YOUR ASSIGNMENT: Please return the full listing exactly as written, with the images removed.

THE DATA:

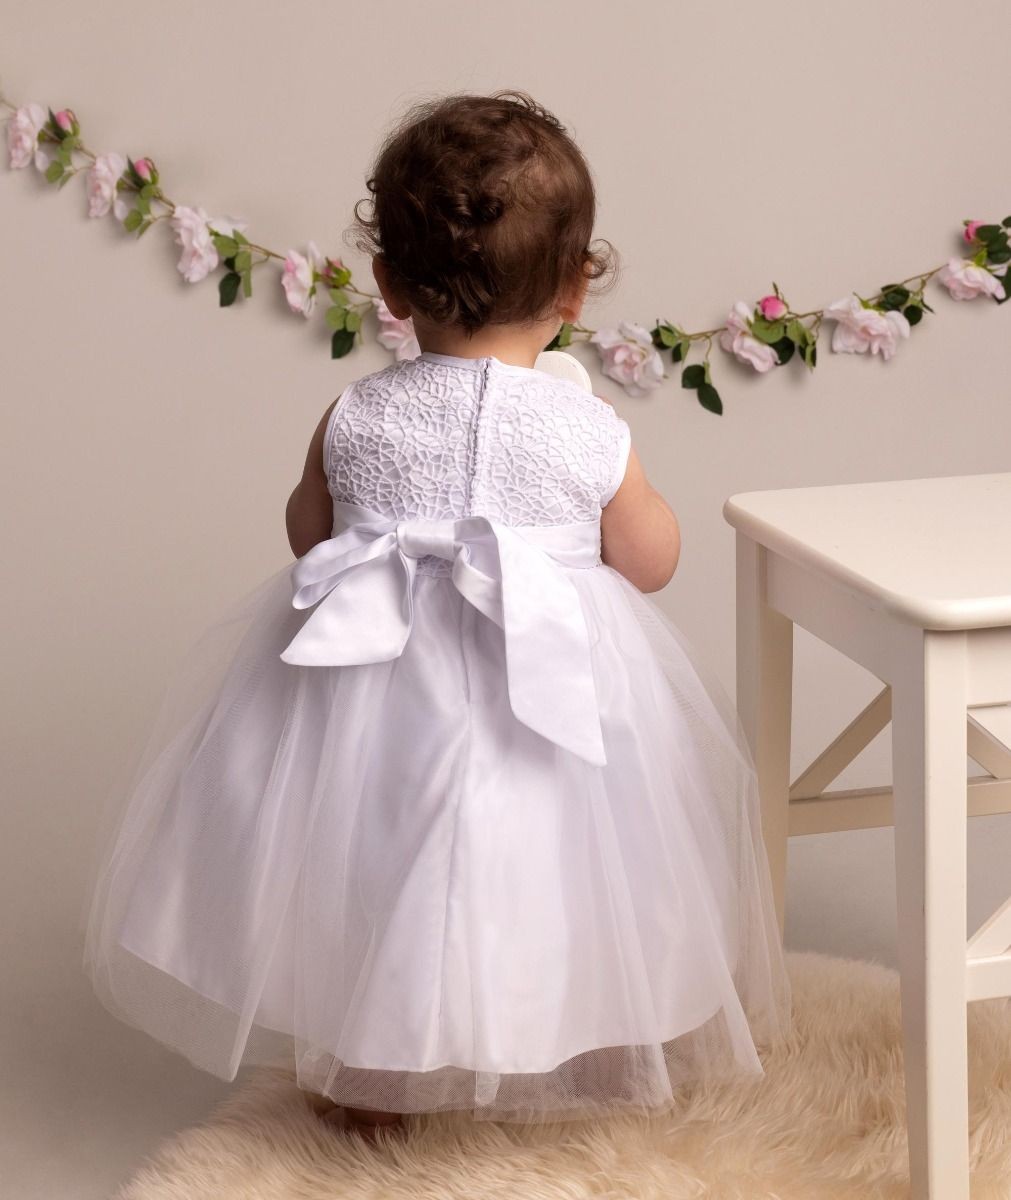 Baby Girls Christening Dress with Lace & Bow - ROSE - White
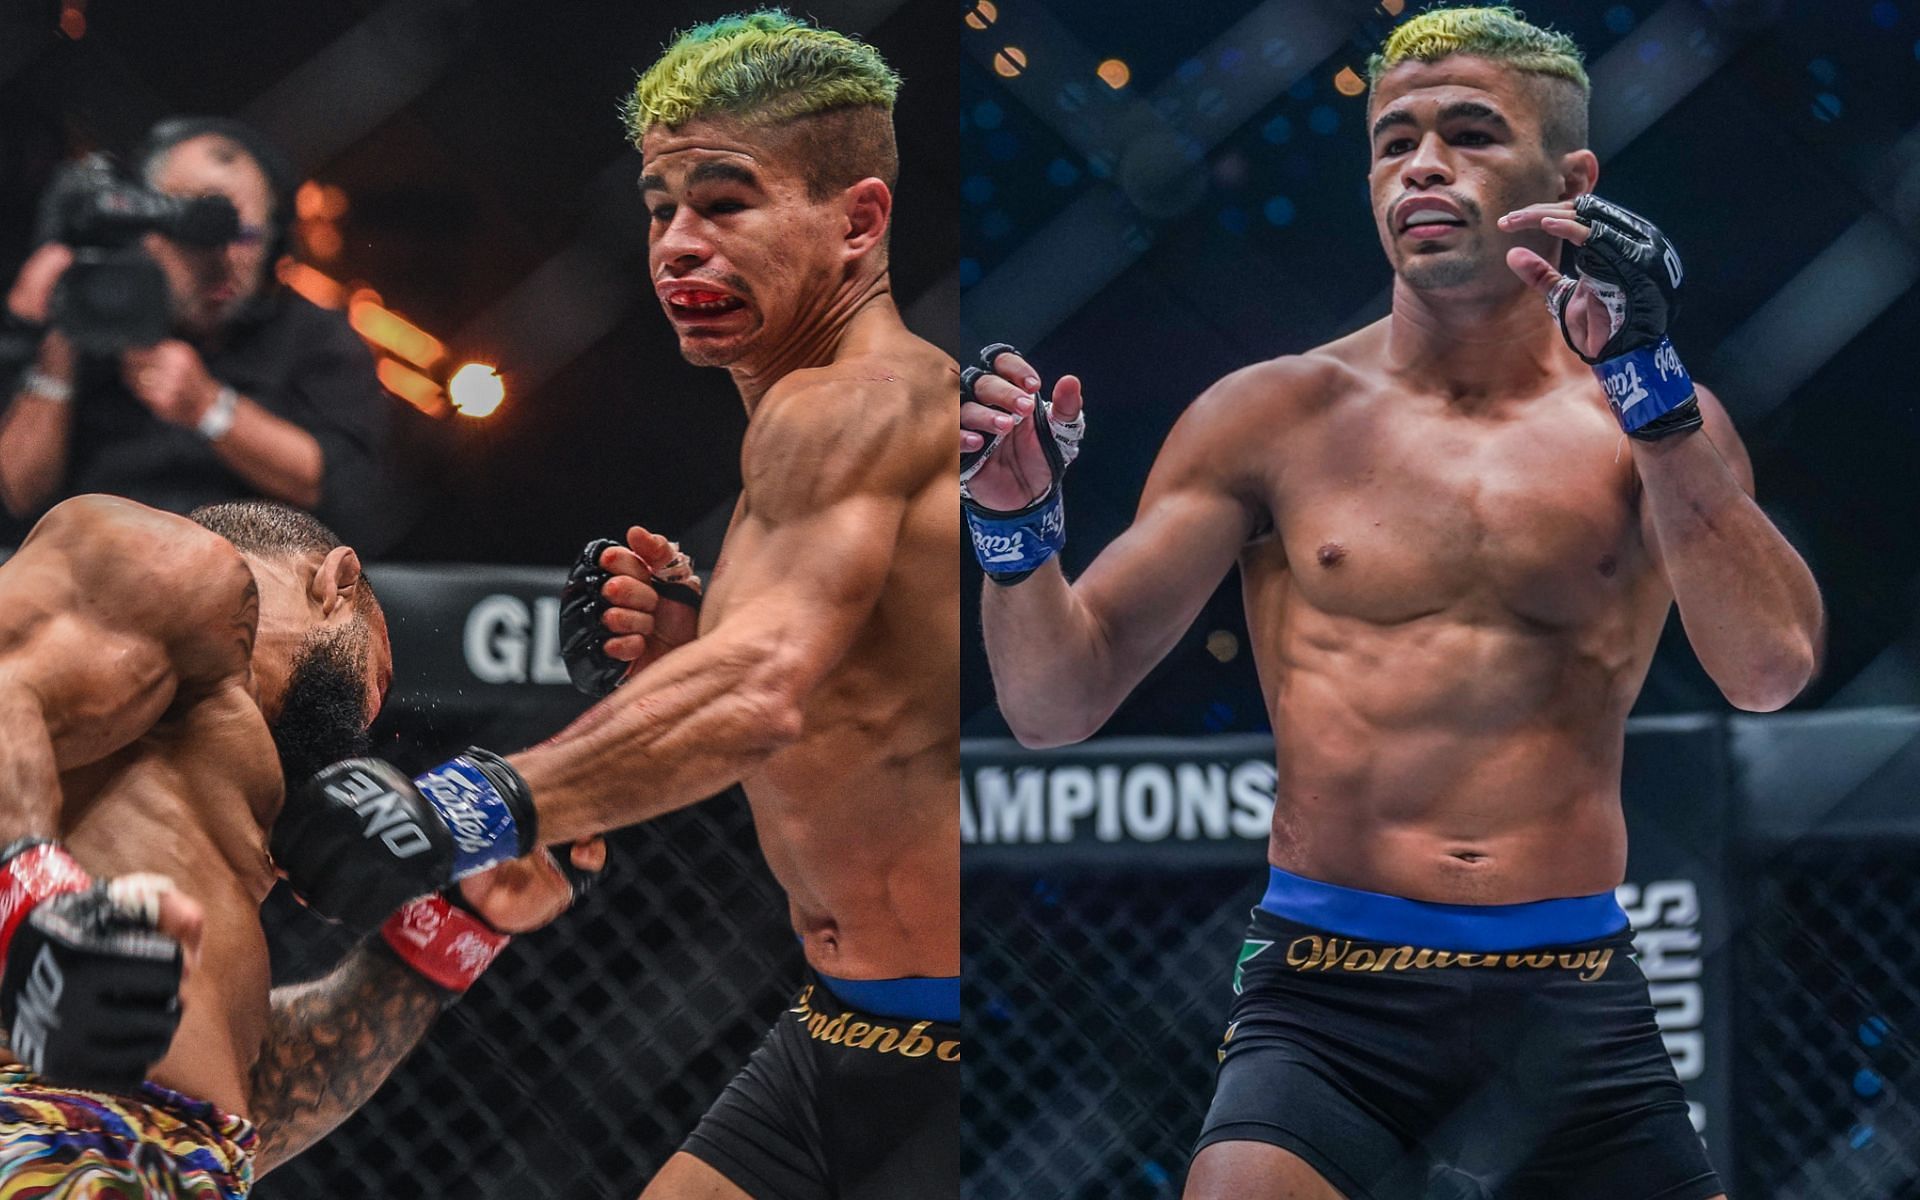 Fabricio Andrade vows to finish John Lineker in a decisive manner if their paths cross again. | Photo by ONE Championship
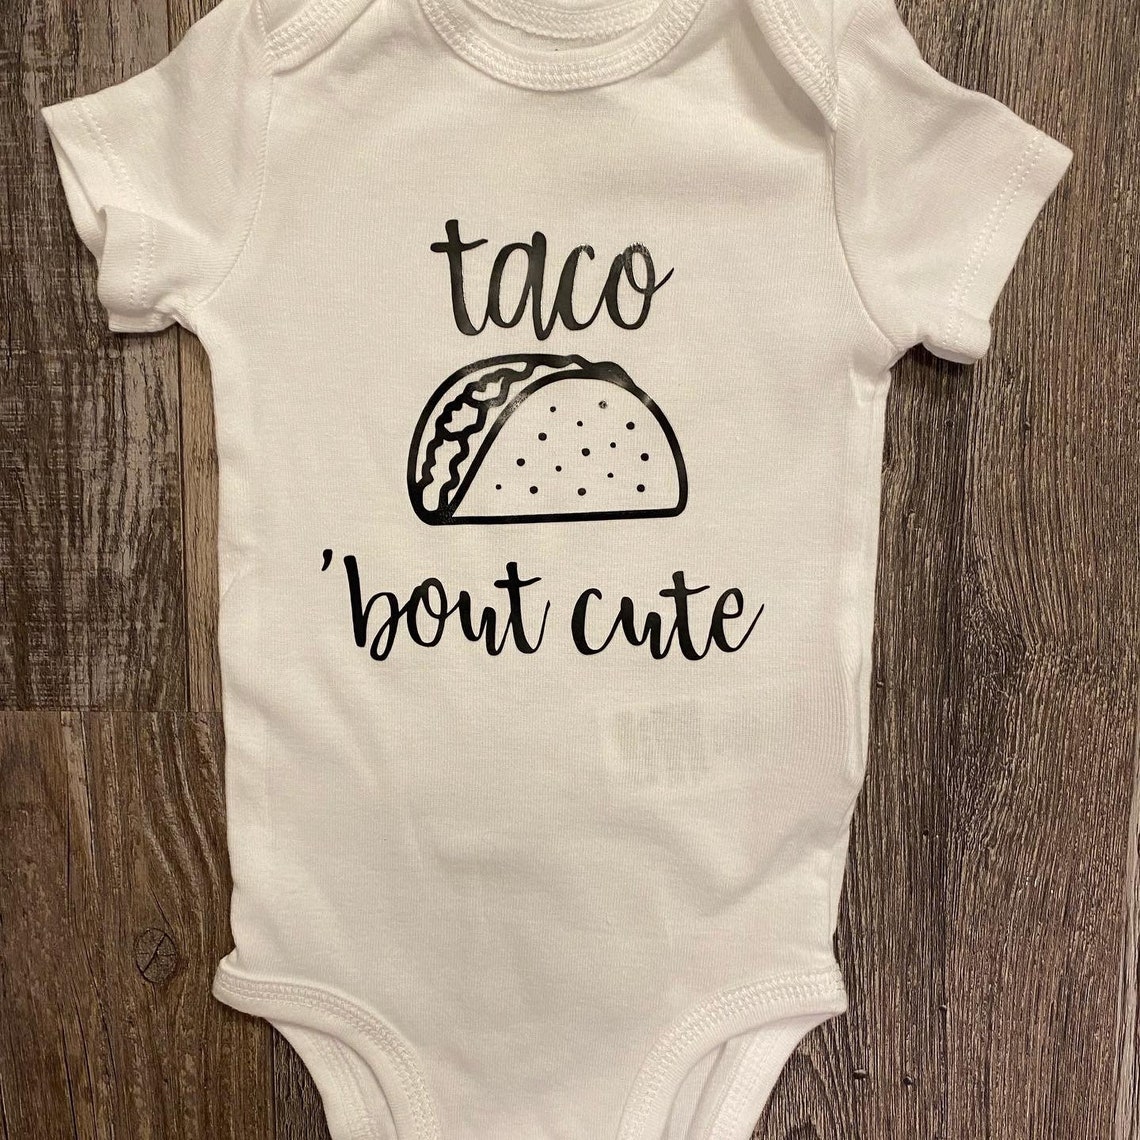 Taco Bout Cute Baby Onesie Baby Onesie Personalized | Etsy
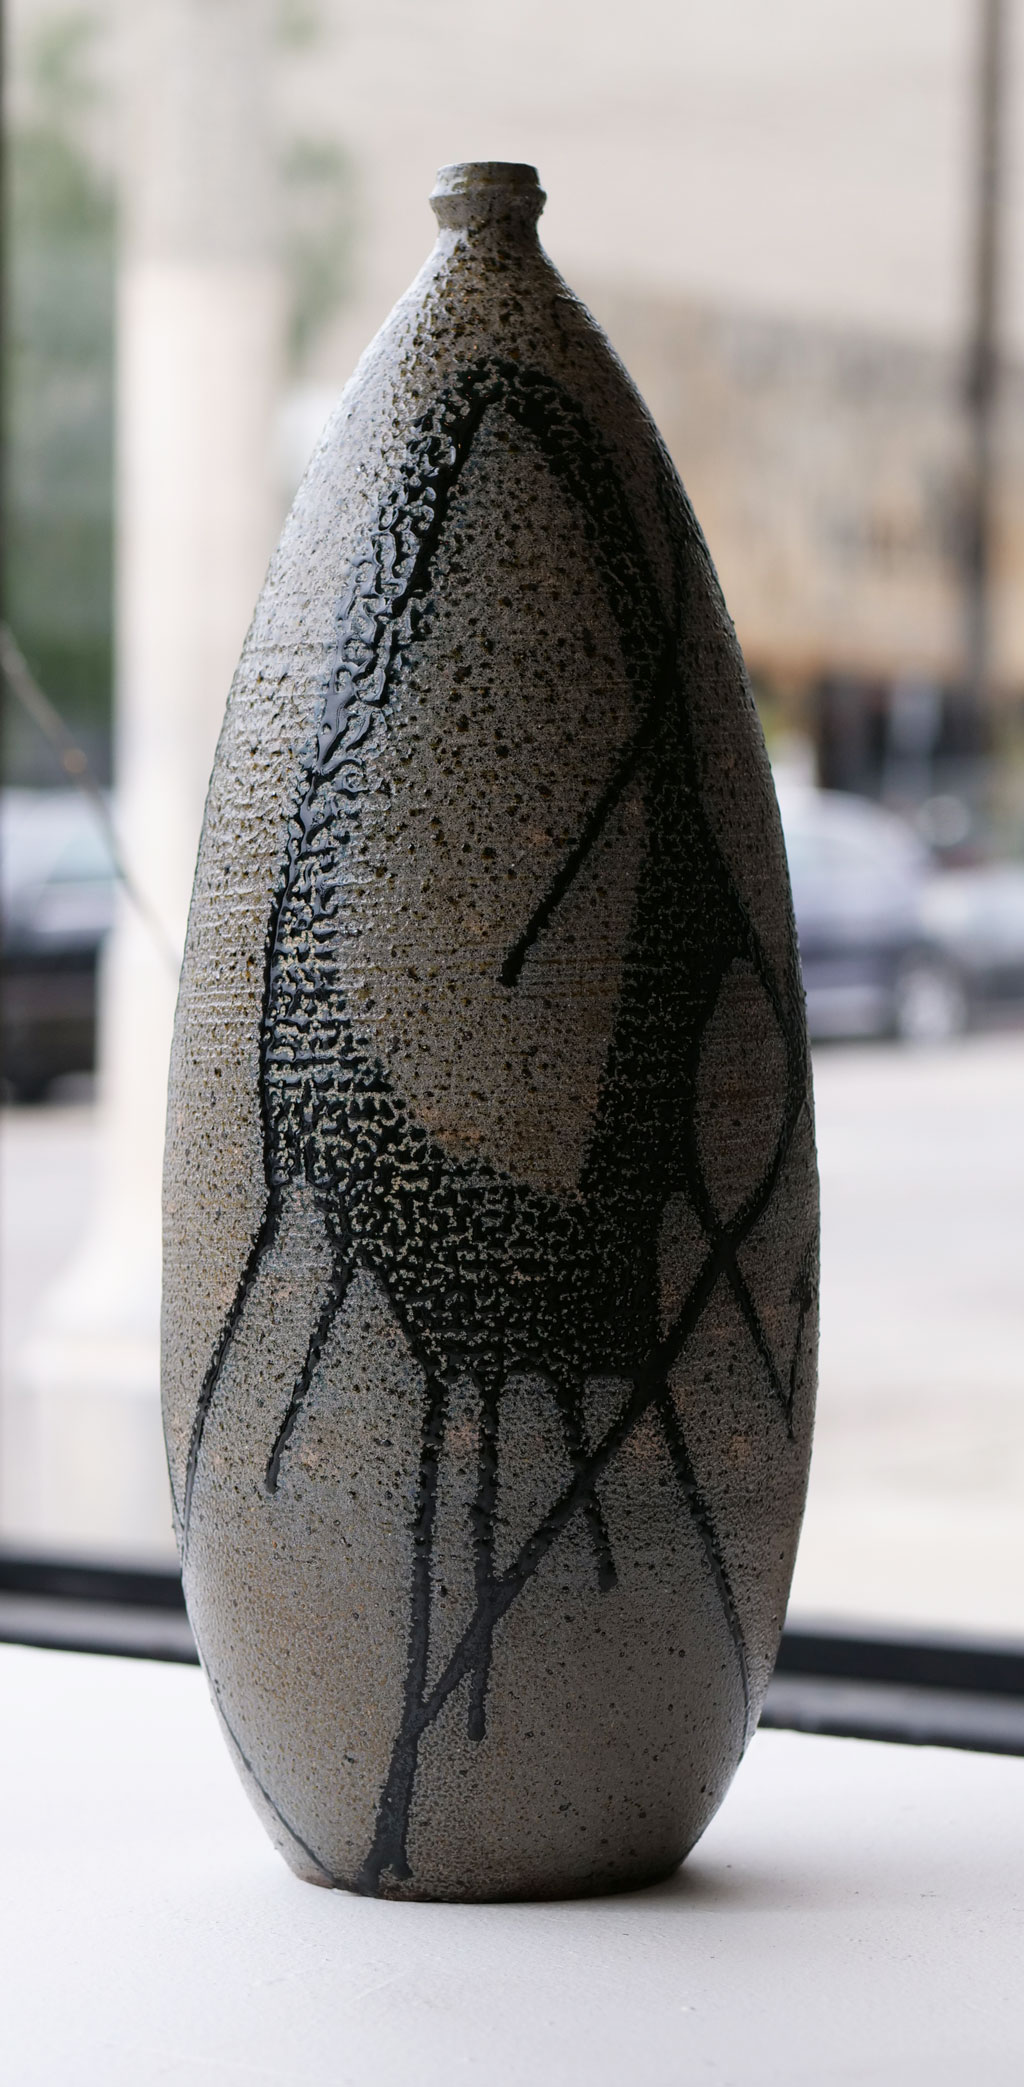 Dr. Robert Fritz, Vessel, 1960s. Salt-glazed stoneware, California Visionaries: Seminal Studio Craft, Featuring Works from the Forrest L. Merrill Collection

OUTPUT FOR THIS EXERCISE:
 Baby Girls Christening Dress with Lace & Bow - ROSE - White
 Fabricio Andrade vows to finish John Lineker in a decisive manner if their paths cross again. | Photo by ONE Championship
 Taco Bout Cute Baby Onesie Baby Onesie Personalized | Etsy
 Dr. Robert Fritz, Vessel, 1960s. Salt-glazed stoneware, California Visionaries: Seminal Studio Craft, Featuring Works from the Forrest L. Merrill Collection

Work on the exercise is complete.